Clinical trials that systematically include functional status and comorbidity as part of geriatric assessment are rare. Future trials specifically addressed to the elderly should include these kinds of evaluations. In unselected elderly patients with advanced disease, single-agent chemotherapy can be considered a standard treatment, while platinum-based regimens must be investigated in prospective clinical trials. Adjuvant chemotherapy for early stages and combined treatment for locally advanced disease should be evaluated in clinical studies specifically designed for the elderly population. New biologic agents could play an important role in the treatment of elderly NSCLC patients, considering that the explosion in knowledge regarding molecular biology and the development of targeted therapies is opening a new era for improving cancer therapy.

Despite a growing body of data, a great deal of work is still needed to establish optimal strategies to care for elderly patients diagnosed with lung cancer. Hence, as older lung cancer patients will be the majority of the patients that we treat, they need to become a main focus of clinical research.
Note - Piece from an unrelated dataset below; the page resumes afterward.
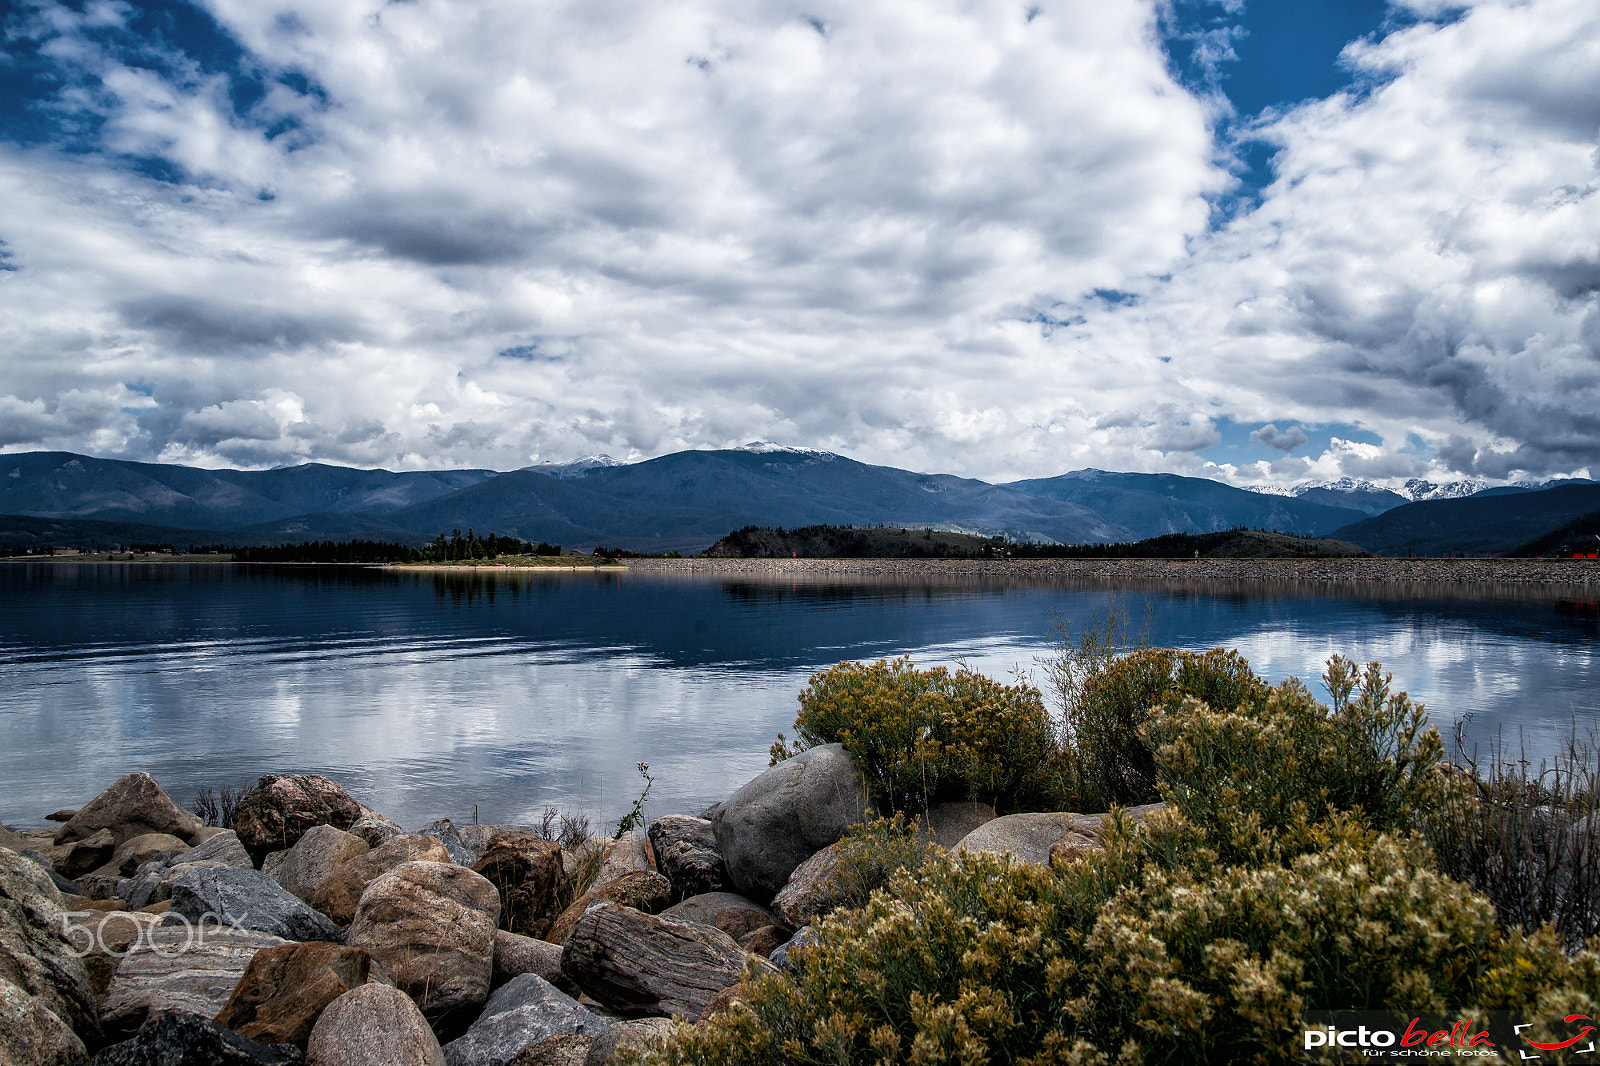 Sony Alpha DSLR-A850 sample photo. The lake in the rocky mountain photography

Financial & competing interests disclosure

Honoraria as consultant and as Speaker bureau member for Roche Eli-Lilly and AstraZeneca. The author has no other relevant affiliations or financial involvement with any organization or entity with a financial interest in or financial conflict with the subject matter or materials discussed in the manuscript apart from those disclosed.

No writing assistance was utilized in the production of this manuscript.